*** DATA SEGMENT ***
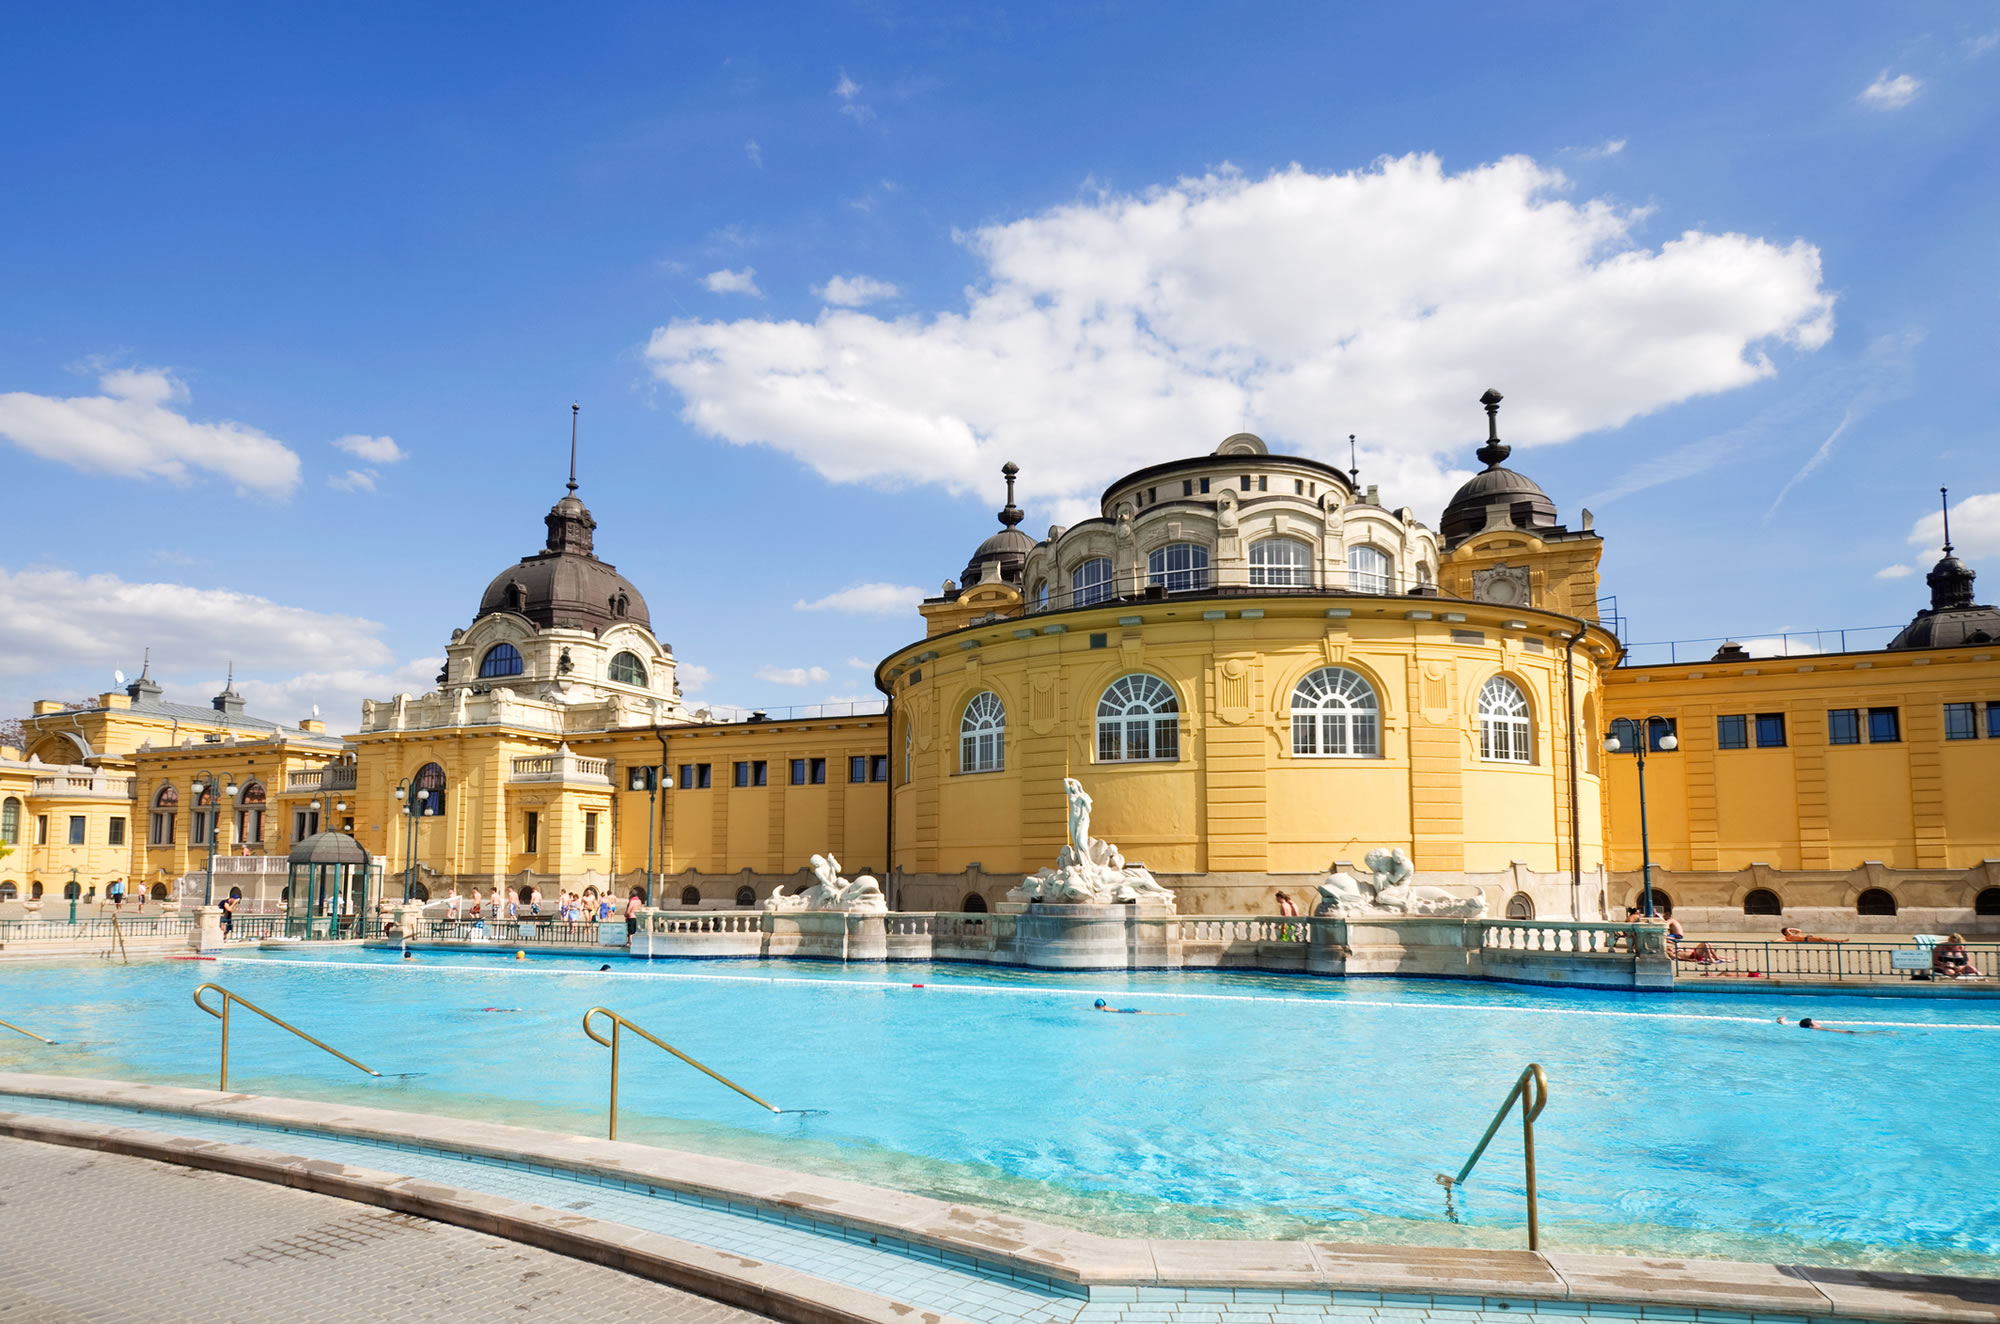 Take an Outdoor Bath in Budapest
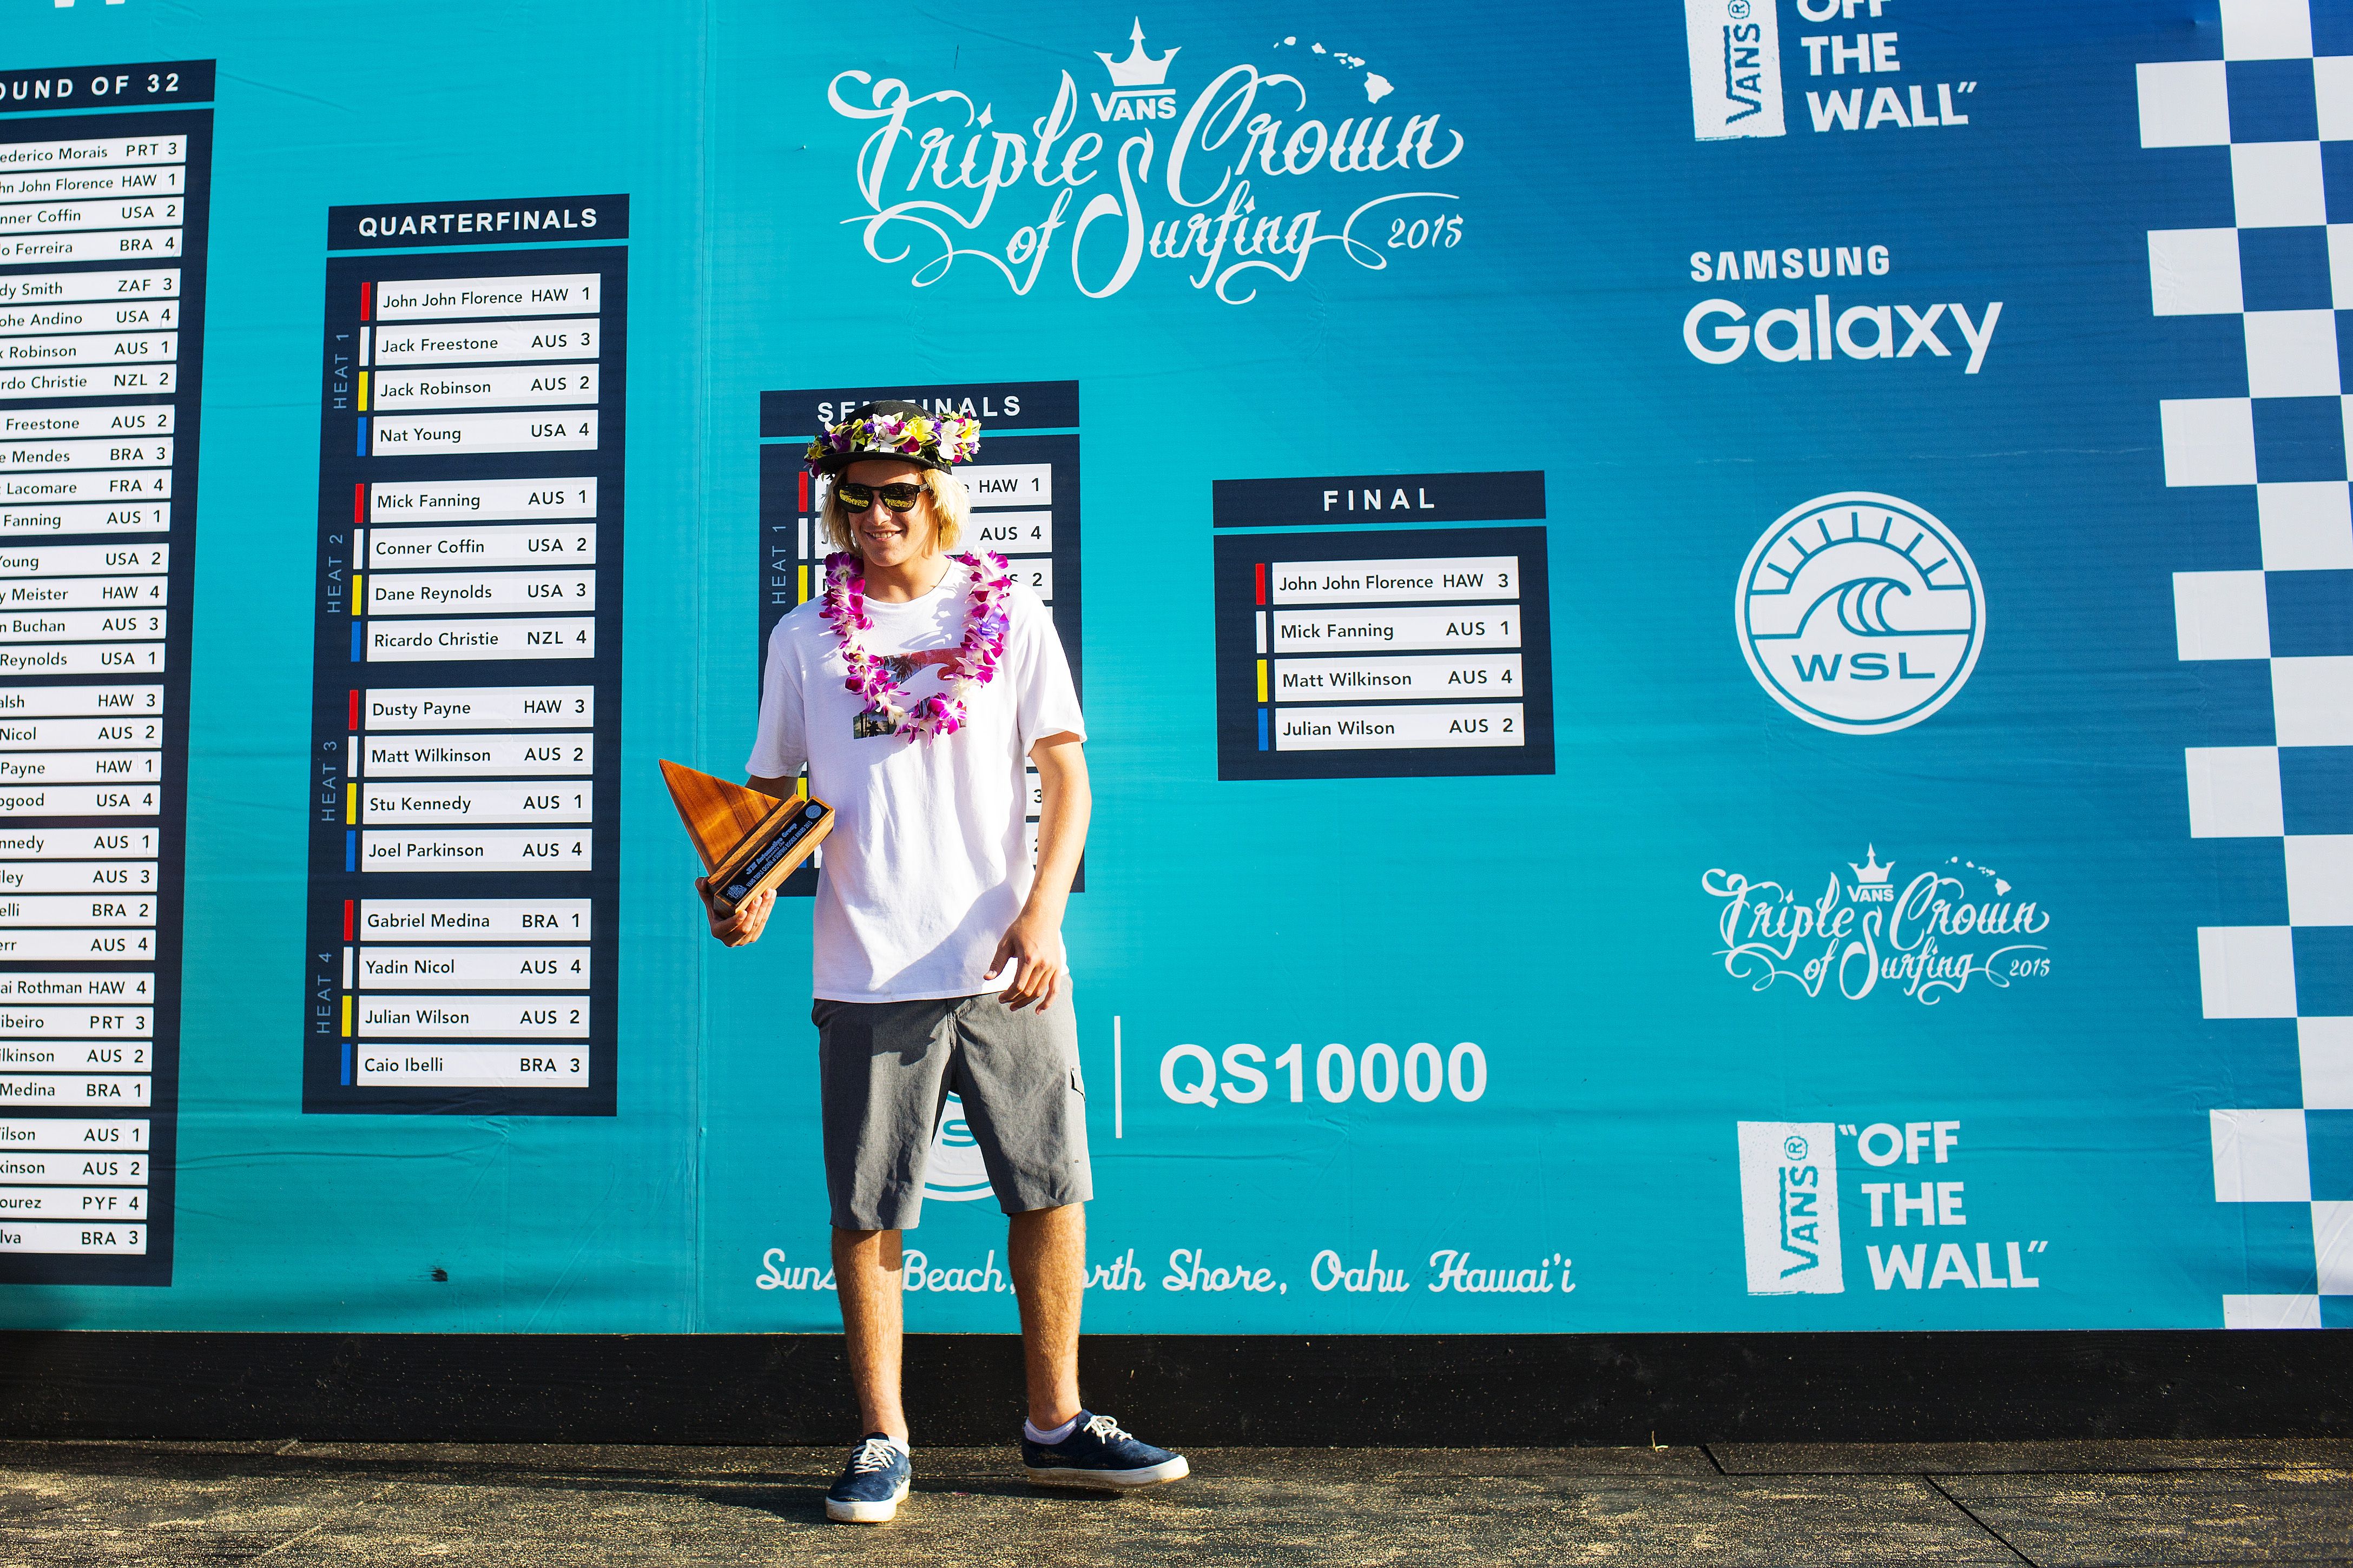 Jack Robinson of Australia winner of the JN Automotive Rookie of the Year Award at the Vans World Cup of Surfing at Sunset Beach, Oahu, Hawaii on Thursday December 3, 2015.
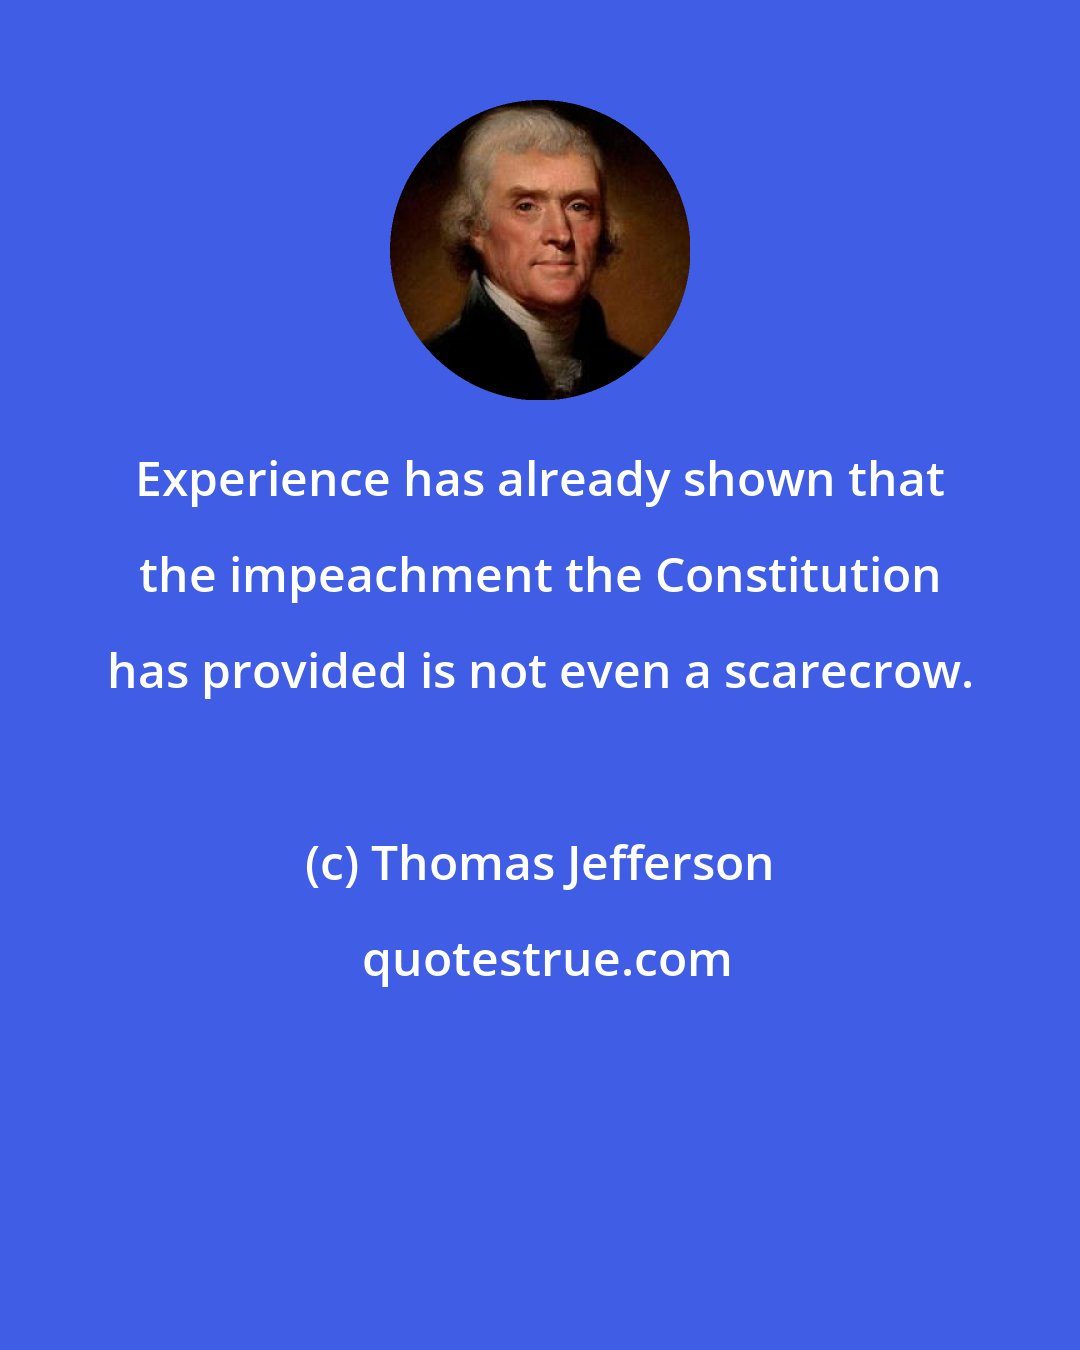 Thomas Jefferson: Experience has already shown that the impeachment the Constitution has provided is not even a scarecrow.
*** End of DATA SEGMENT ***
EXERCISE DIRECTIONS: Transcribe only these lines, exactly: the first line of the listing, every line after it, and the line with "Jack Robinson of", where the copy ends. Include no picture.

WORKED SOLUTION:
 Take an Outdoor Bath in Budapest
 Jack Robinson of Australia winner of the JN Automotive Rookie of the Year Award at the Vans World Cup of Surfing at Sunset Beach, Oahu, Hawaii on Thursday December 3, 2015.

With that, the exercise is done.